她当时傻了,疯了,后来被送进医院,才知道孩子早在出生之前就死了,是个死胎。

    她松口气,可这份自责永远的埋在了心底。

    如果不是她犹豫,如果不是她因为富贵诱惑了自己的心,那孩子该是个健康的生命。

    可惜,现实没有如果。

    未婚夫知道这件事后,点燃了煤气罐,炸毁了整个楼层,当场死了三个。

    这件事却被隐藏了起来。

    只因为,她拿着江家公司的作假证据威胁凌承父亲。

    本是一场蓄谋已久的杀戮,最终成为了一场意外。

    未婚夫逍遥法外,拿着她给的巨款到处挥霍,半年的时间就已经花光了全部的钱,这样找了她五年。

    “,是你吗?”

    电话那头传来她未婚夫的声音,苍老,沙哑,似乎吸烟很重烧坏了喉咙。

    女人浑身一震,汗珠子顺着脸颊流淌下来。

    “别怕我,我不会杀你了,我缺钱,你再给我点钱,我就消失。”

    用前收买只有零次跟无数次,她以为自己消失这件事就此也不复存在了吗?

    错了,大错特错。

    她激动的盯着电话,两只眼睛都是红的。

    眸子颤抖,一片雾水。

    “别不说话,我知道你在那,我能听到你呼吸。云子,我好想你。”

    云子,

    她的乳名,只有他知道。

    三姨太深吸口气,到底,泪水涌了出来。

    是恨意还是别的什么,她已经分不清楚了。

    那个对她百依百顺的男人,在多年以后,说想她,是想她的人还是钱,还是想杀了她?

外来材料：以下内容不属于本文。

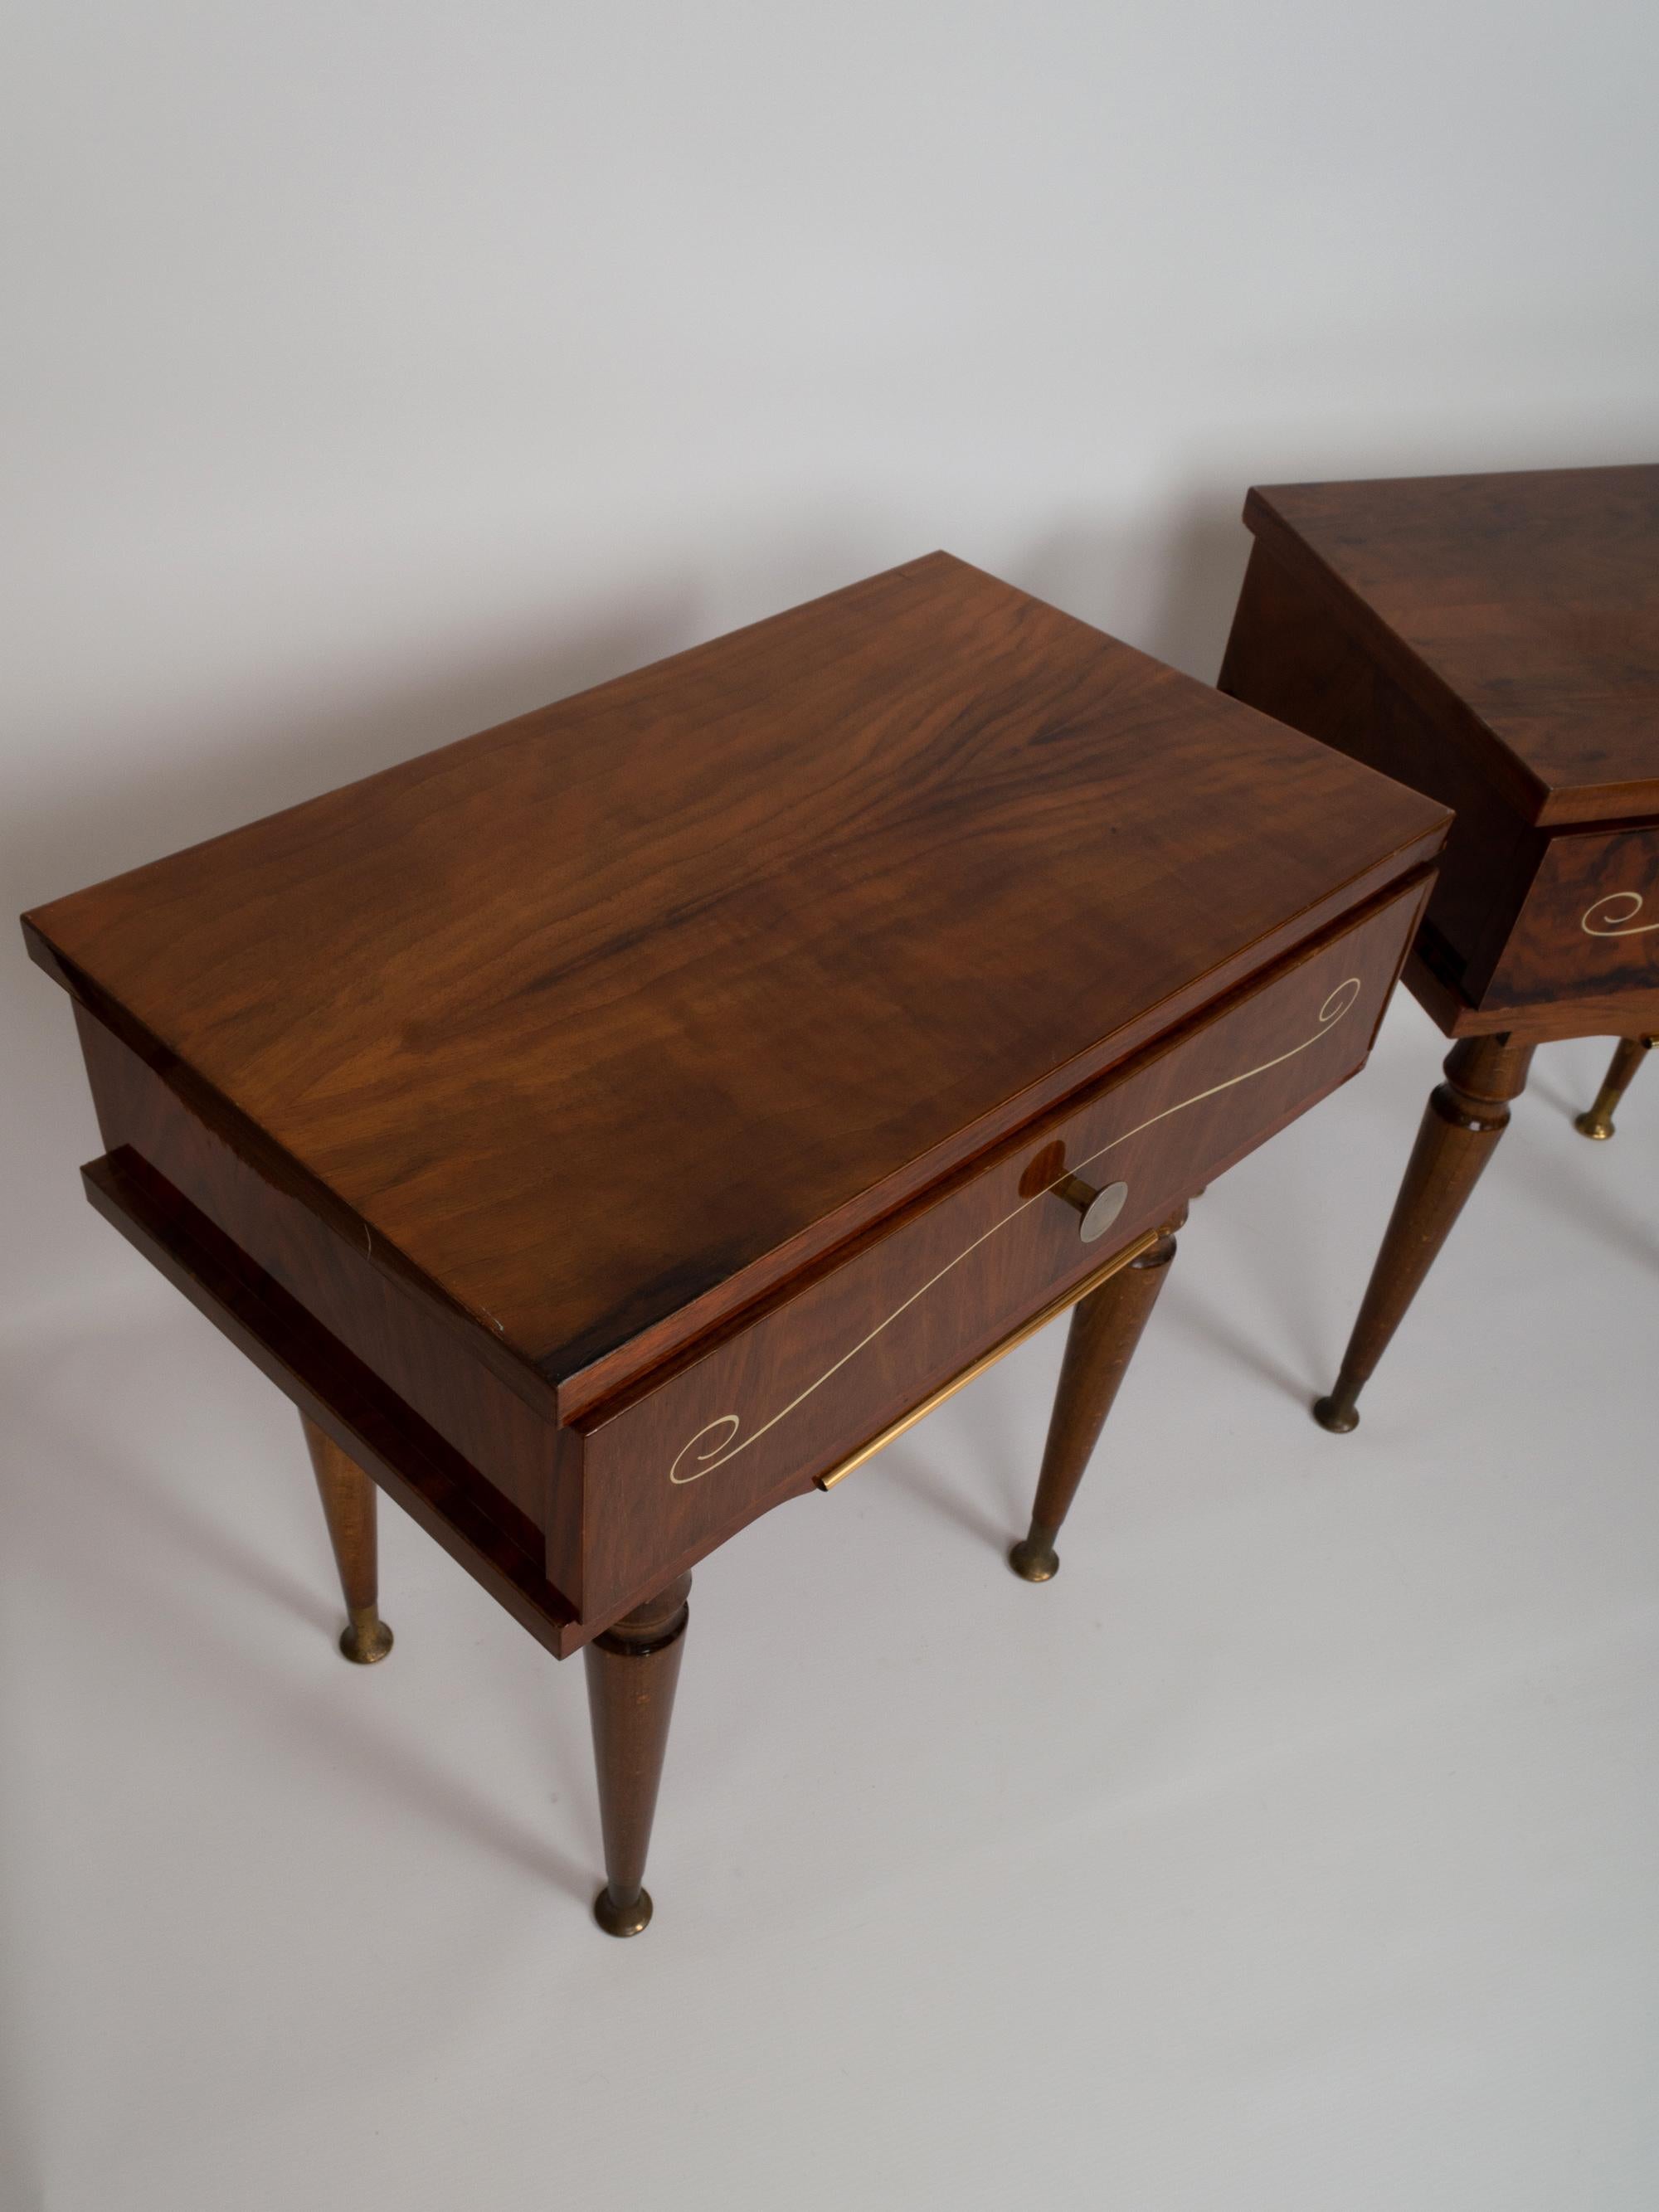 Pair of French Art Deco Figured Walnut Nightstands Bedside Cabinets, circa 1960 For Sale 3

    她颤抖起来,捂着嘴巴,生怕自己发出半点声响。

    凌承说,“你只需说你的条件。”

    那边沉默起来,忽然笑了。

    “云子,钱我不需要,我能赚钱,你给我钱是脏钱,我全都赌博了,一夜之间就输光了,当时觉得真痛快,我杀了那么多人,可我最恨的人却还活着,你能想象我现在多不甘心吗?我想你,我爱你,我更恨你。只要你还活着,我就能找到你,现在,呵呵,哈哈哈哈,云子,我知道你在哪里,只要我现在过去,你觉得你还能活着吗?你当年为了自己的前途,杀了我们的孩子,你瞒我瞒了七个月,我以为你跟我分手是因为你真的不爱我了,呵呵,我真蠢。可还是是无辜的,你为什么不早点告诉我?”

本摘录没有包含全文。